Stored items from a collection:
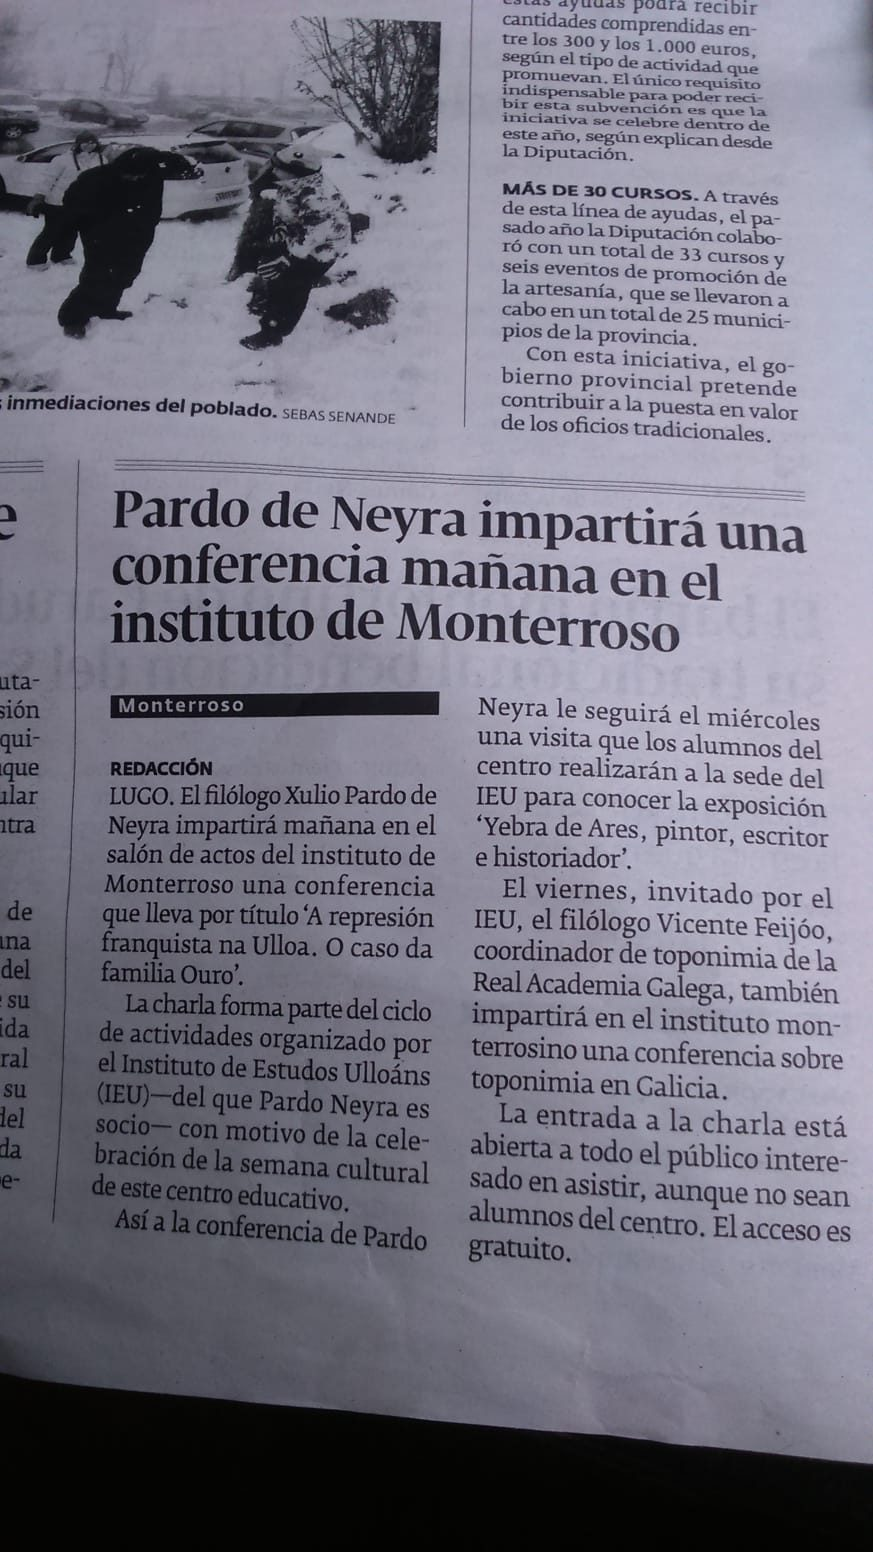 Colaboracións do Instituto de Estudos Ulloáns co IES de Monterroso, El Progreso 8-4-2019
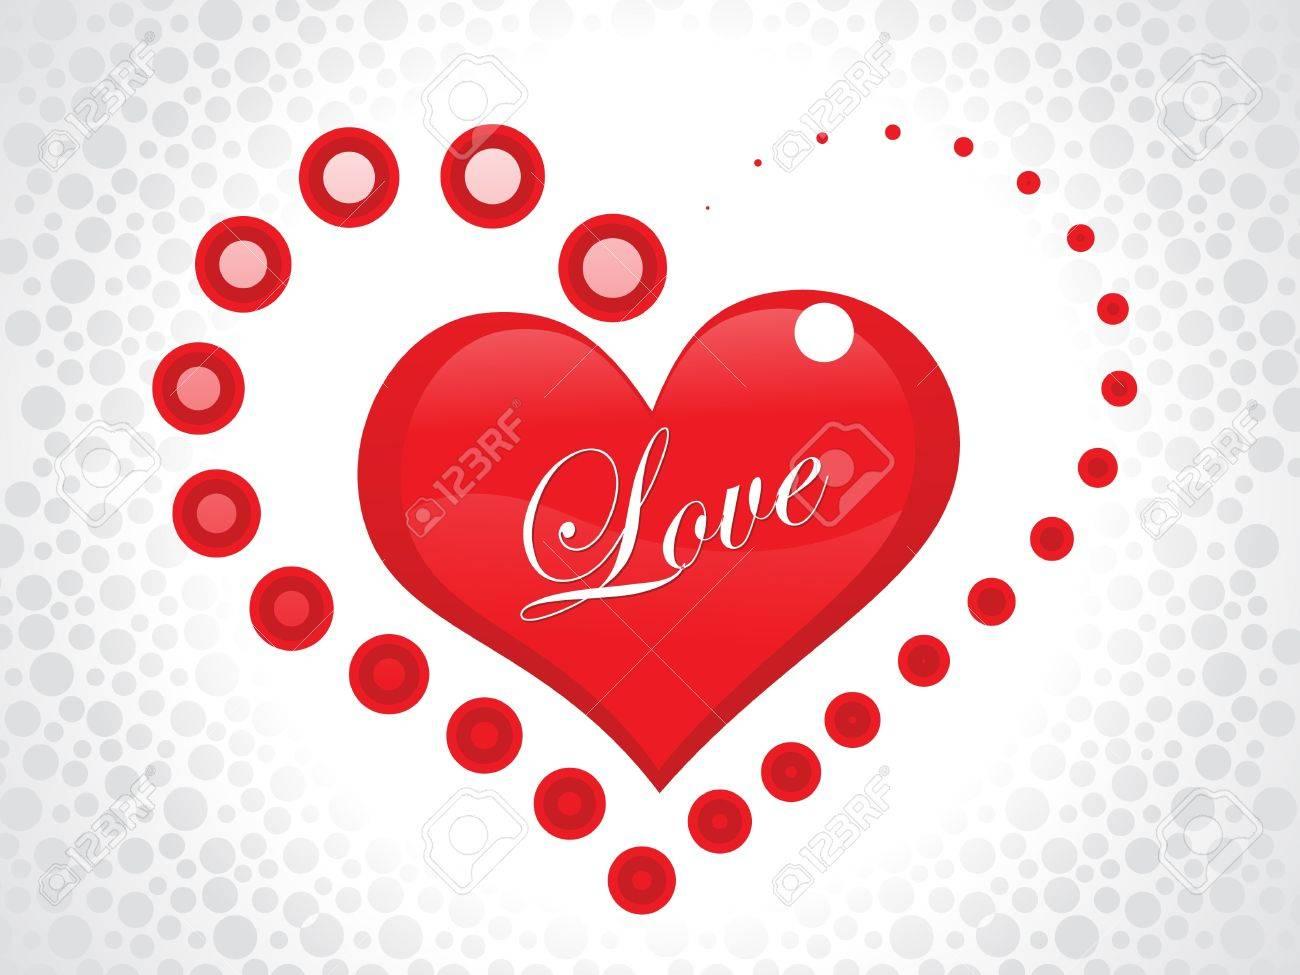 Abstract Love Wallpaper Vector Illustration Royalty Free Cliparts
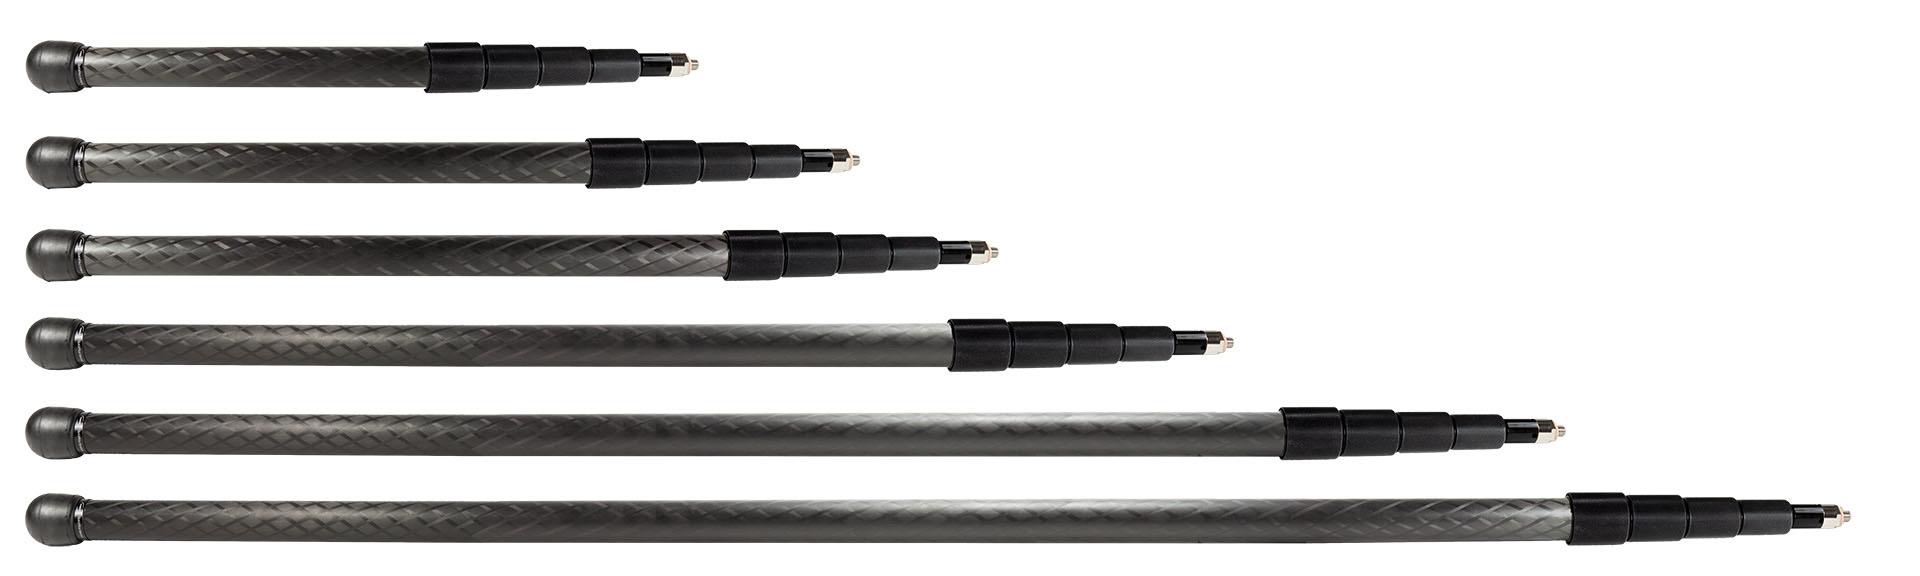 Ambient Ambient - QP5100 Series 5 - 101 - 392 cm
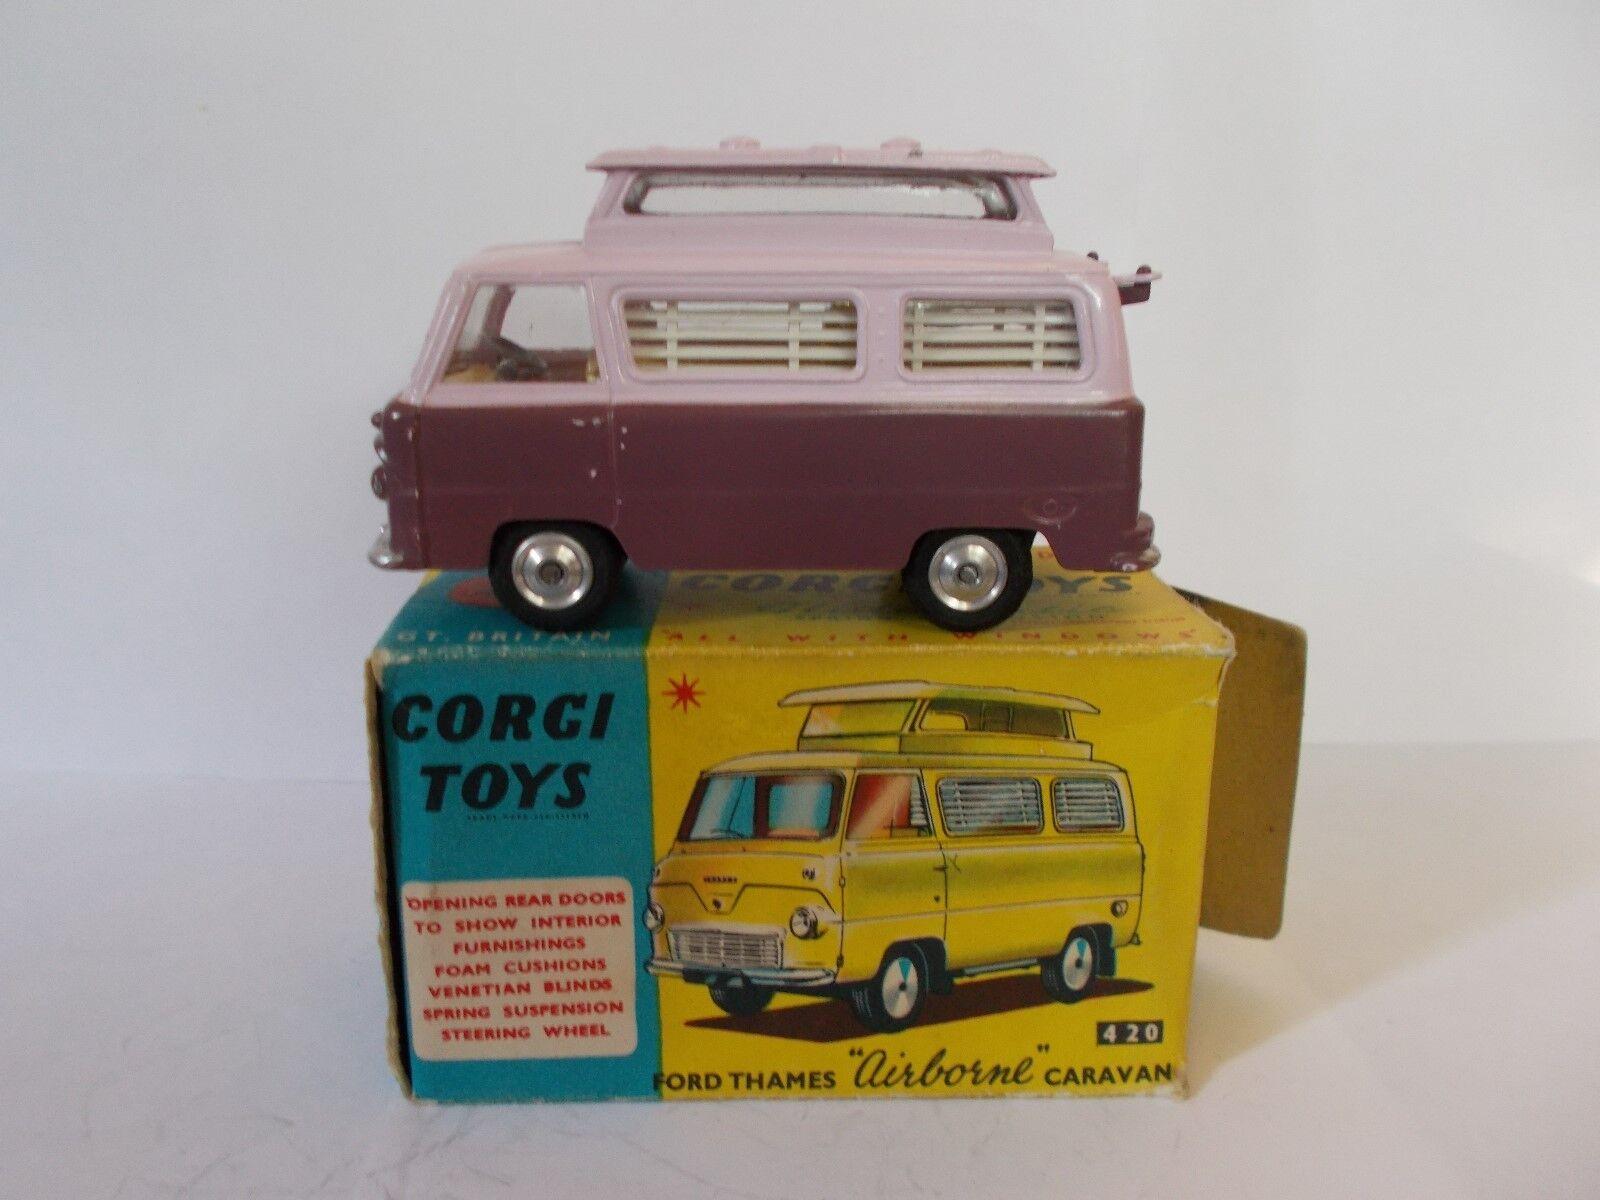 CORGI 420 Ford Thames Airbourne Caravan Vintage Coffret 1962
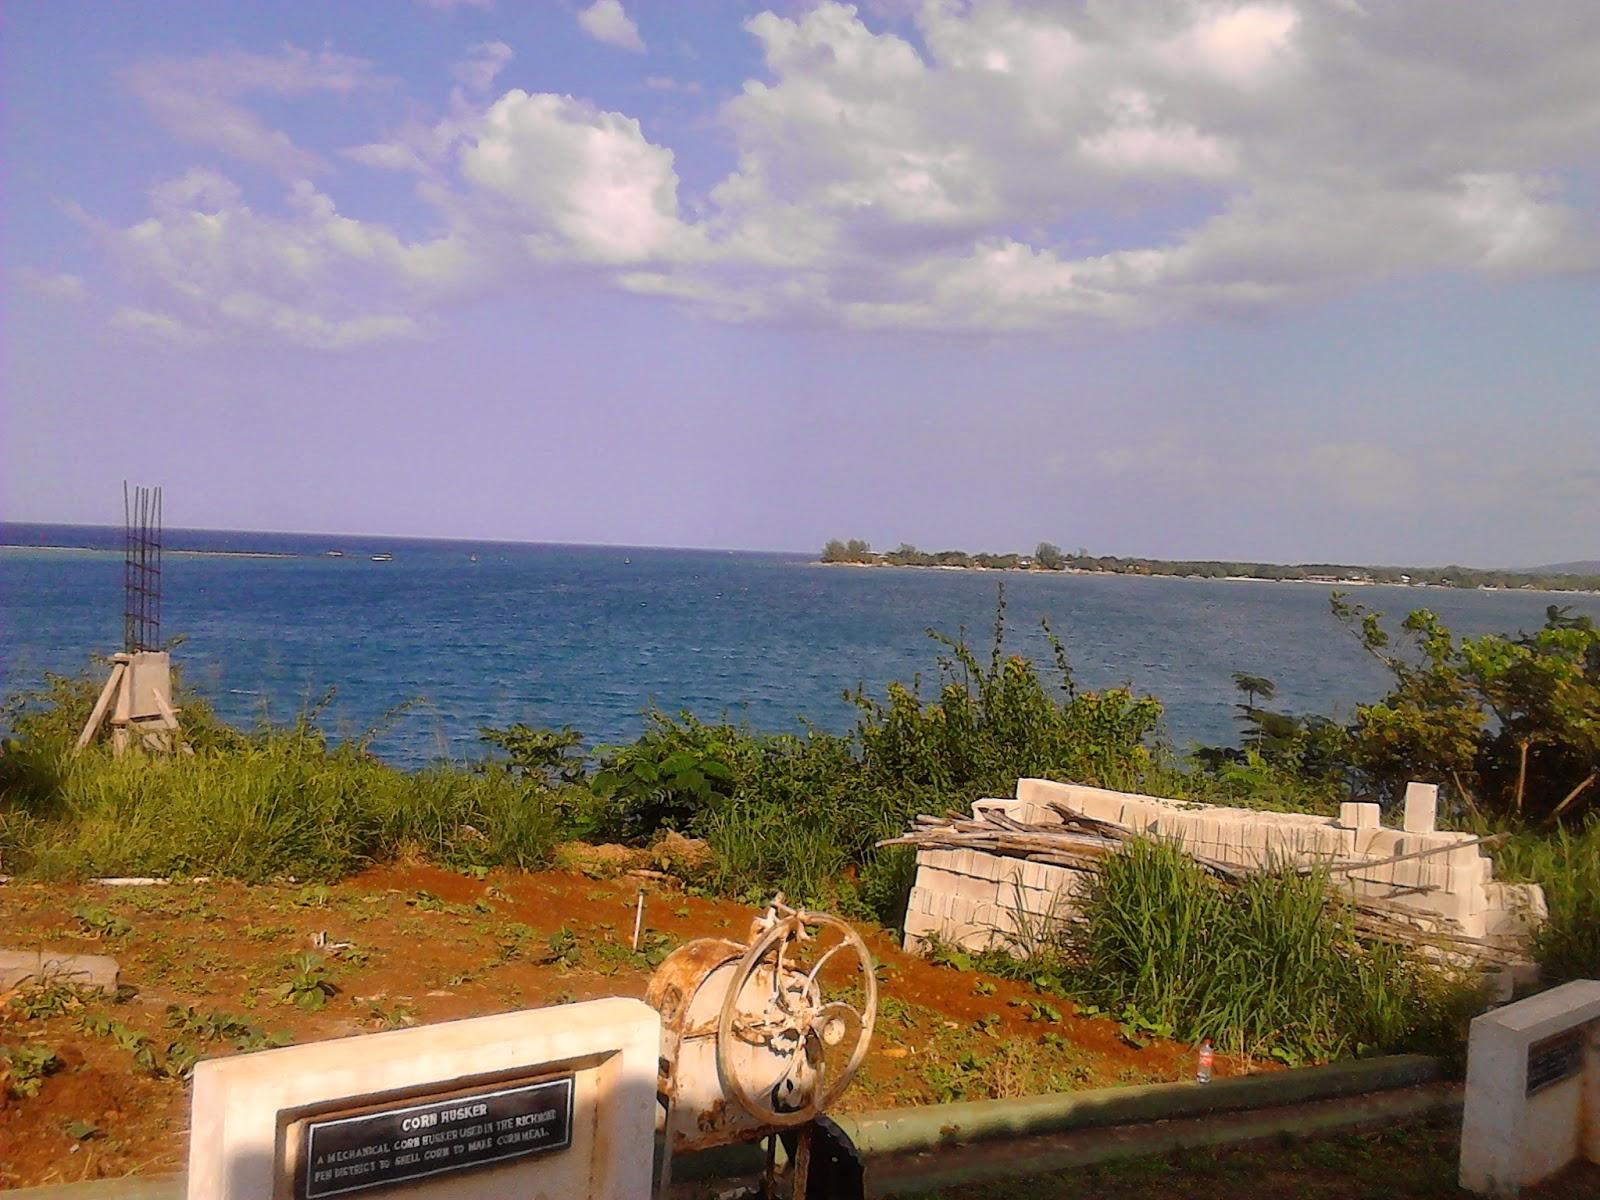 http://lionessrebirthorg.blogspot.com/
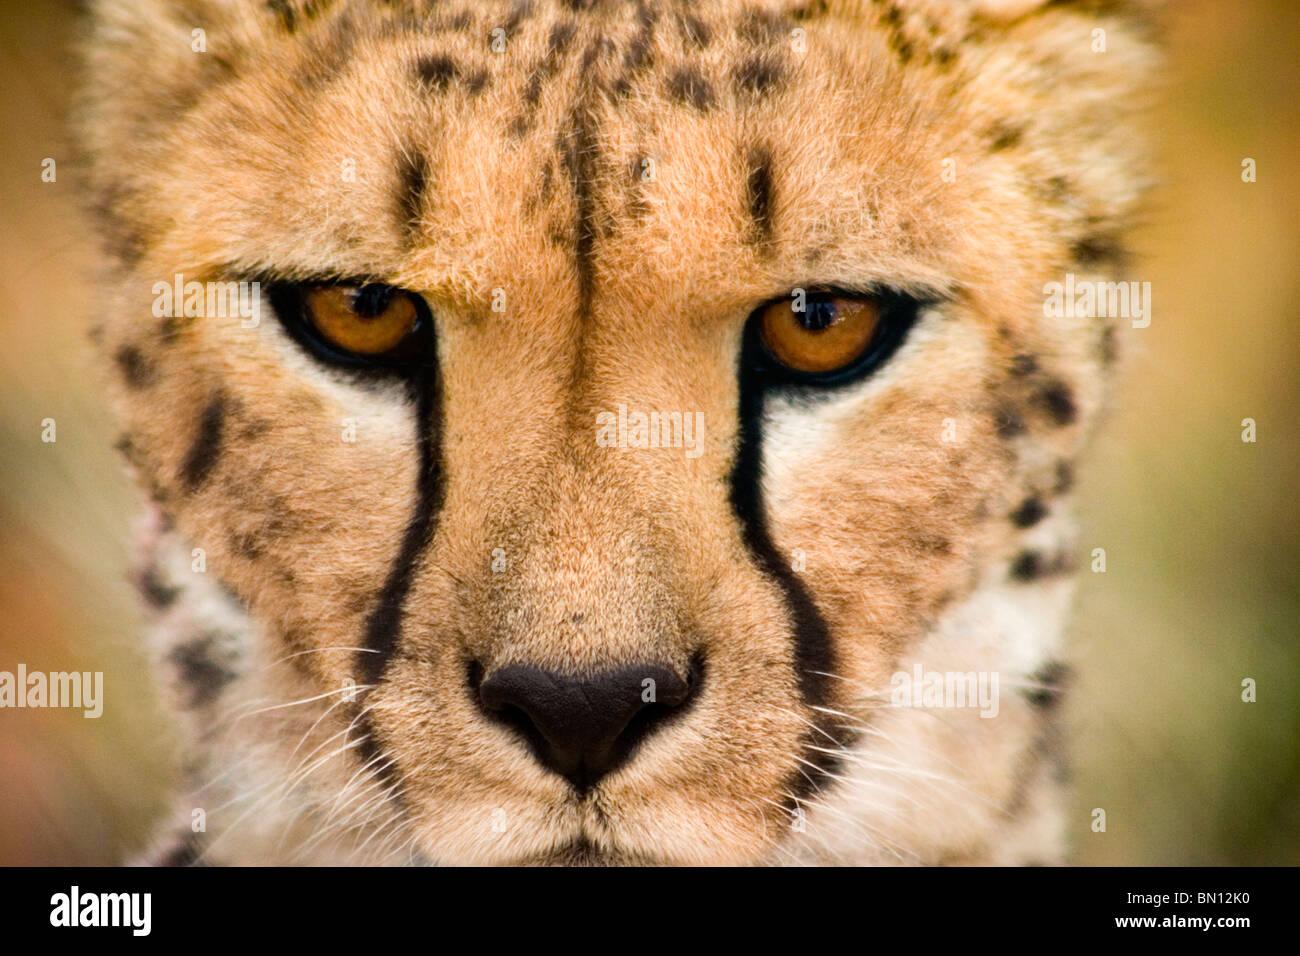 Cheetah portrait, Namibia, Africa - Stock Image

Exercise brief:
When you repeat the records, reproduce each line exactly and drop the images.

Reply to the task:
 Colaboracións do Instituto de Estudos Ulloáns co IES de Monterroso, El Progreso 8-4-2019
 Abstract Love Wallpaper Vector Illustration Royalty Free Cliparts
 Ambient Ambient - QP5100 Series 5 - 101 - 392 cm
 CORGI 420 Ford Thames Airbourne Caravan Vintage Coffret 1962
 http://lionessrebirthorg.blogspot.com/
 Cheetah portrait, Namibia, Africa - Stock Image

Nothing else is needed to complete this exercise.